You can derivations of arbitrary boost and rotation matrices in sections 1.3.2 and D.5 of http://www.arxiv.org/abs/physics/0504062

Eugene.

5. Aug 31, 2007

### phatm

Thanks for the reply Eugene. The link you gave me was very useful. Just one final question.
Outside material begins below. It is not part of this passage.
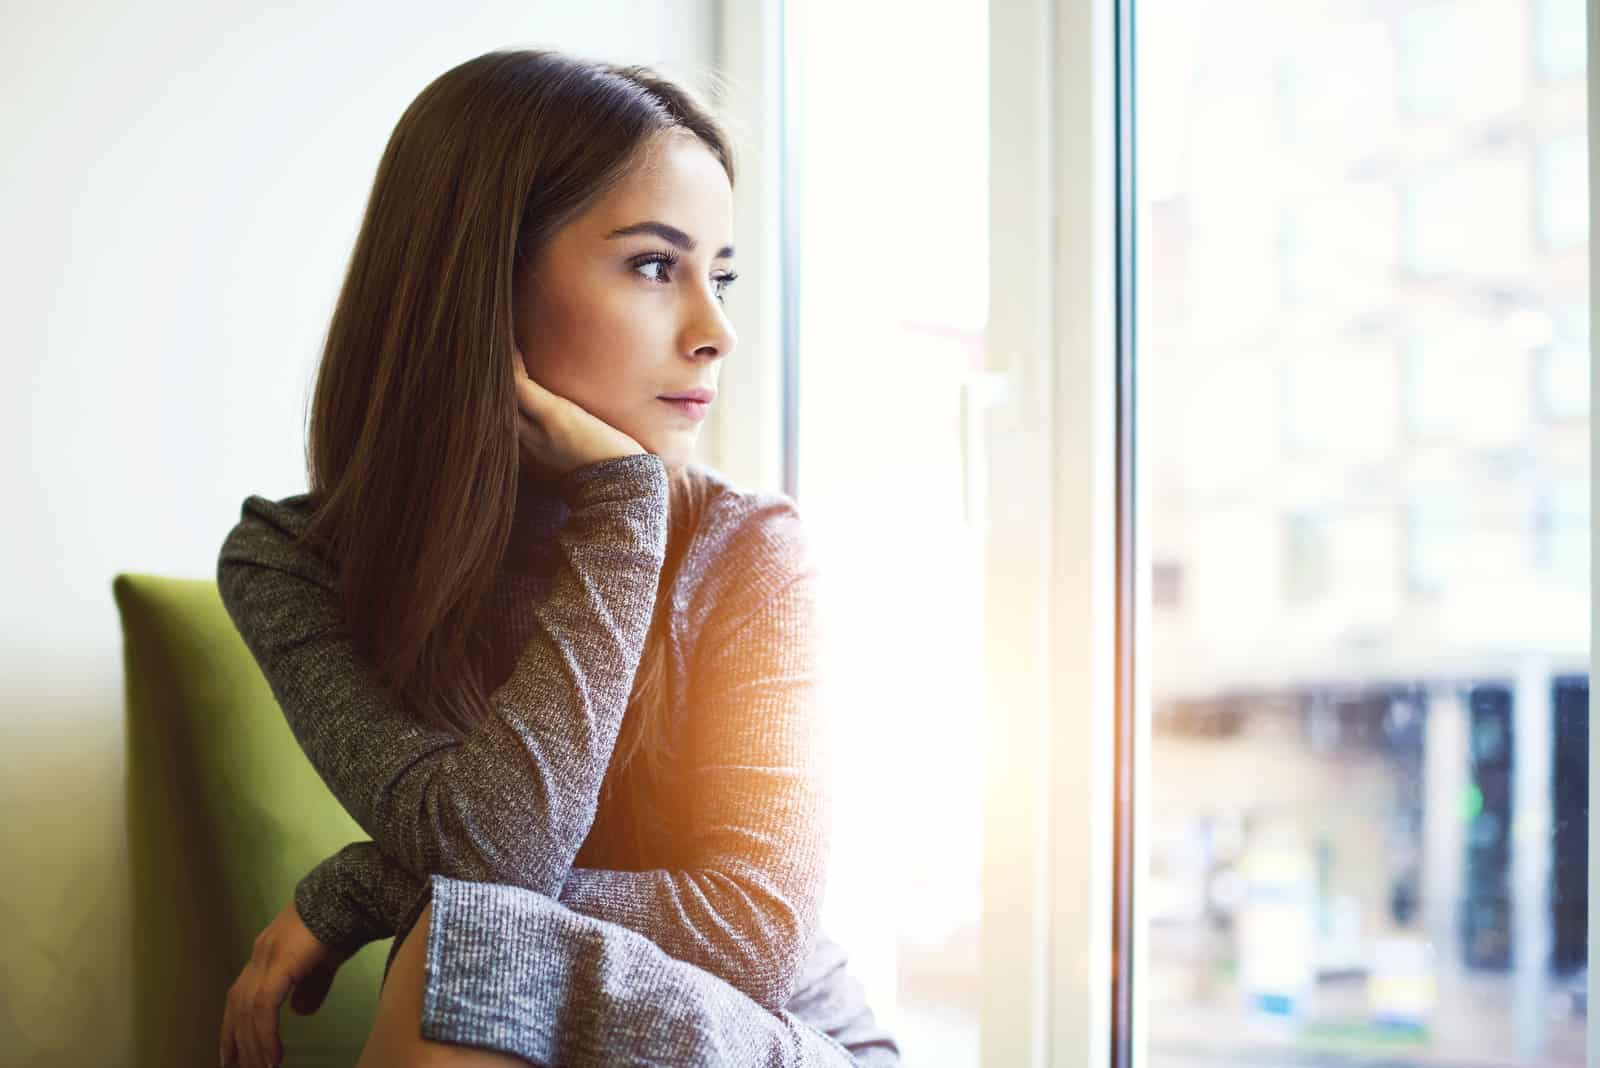 Femme attirante consciente regardant par la fenêtre

The inverse the above transform, would that be
$$\left[ \begin{array}{c} t \\ x \\ y \\ z \end{array} \right] = \begin{pmatrix} \gamma & \gamma \beta_1 & \gamma \beta_2 & \gamma \beta_3 \\ \gamma \beta_1 & 1 + \frac{(\gamma - 1)\beta_1^2}{\beta^2} & \frac{(\gamma - 1)\beta_1\beta_2}{\beta^2} & \frac{(\gamma - 1)\beta_1\beta_3}{\beta^2} \\ \gamma \beta_2 & \frac{(\gamma - 1)\beta_1\beta_2}{\beta^2} & 1+\frac{(\gamma - 1)\beta_2^2}{\beta^2} & \frac{(\gamma - 1)\beta_2\beta_3}{\beta^2} \\ \gamma \beta_3 & \frac{(\gamma - 1)\beta_1\beta_3}{\beta^2} & \frac{(\gamma - 1)\beta_2\beta_3}{\beta^2} & 1 + \frac{(\gamma - 1)\beta_3^2}{\beta^2} \end{pmatrix}\left[ \begin{array}{c} t' \\ x' \\ y' \\ z' \end{array} \right] + \left[ \begin{array}{c} t'_{0} \\ x'_{0} \\ y'_{0} \\ z'_{0} \end{array} \right]$$
?. I've been unable to find it so far. Thanks for the replies,
Andrew.

6. Aug 31, 2007

### meopemuk

No, this is not correct formula for the inverse Poincare transformation. You can find the correct expression in eq. (I.11) of the reference I gave you. Note that the inverse boost matrix $\Lambda^{-1}$ can be obtained from $\Lambda$ simply by changing the sign of the boost velocity.

Eugene.

7. Aug 17, 2011

### Albertgauss

Why is the 0,1,1,1 4-vector subtracted? How can I convince myself that makes sense?

8. Aug 17, 2011

### Albertgauss

One other question on the shift of the origin by 0,-1,-1,-1. Why is the x0=1 not length-contracted as viewed in S'? If x0 is 1 in frame S, and S' is moving, shouldn't the x0 be length contracted somehow also? Just trying to understand is all.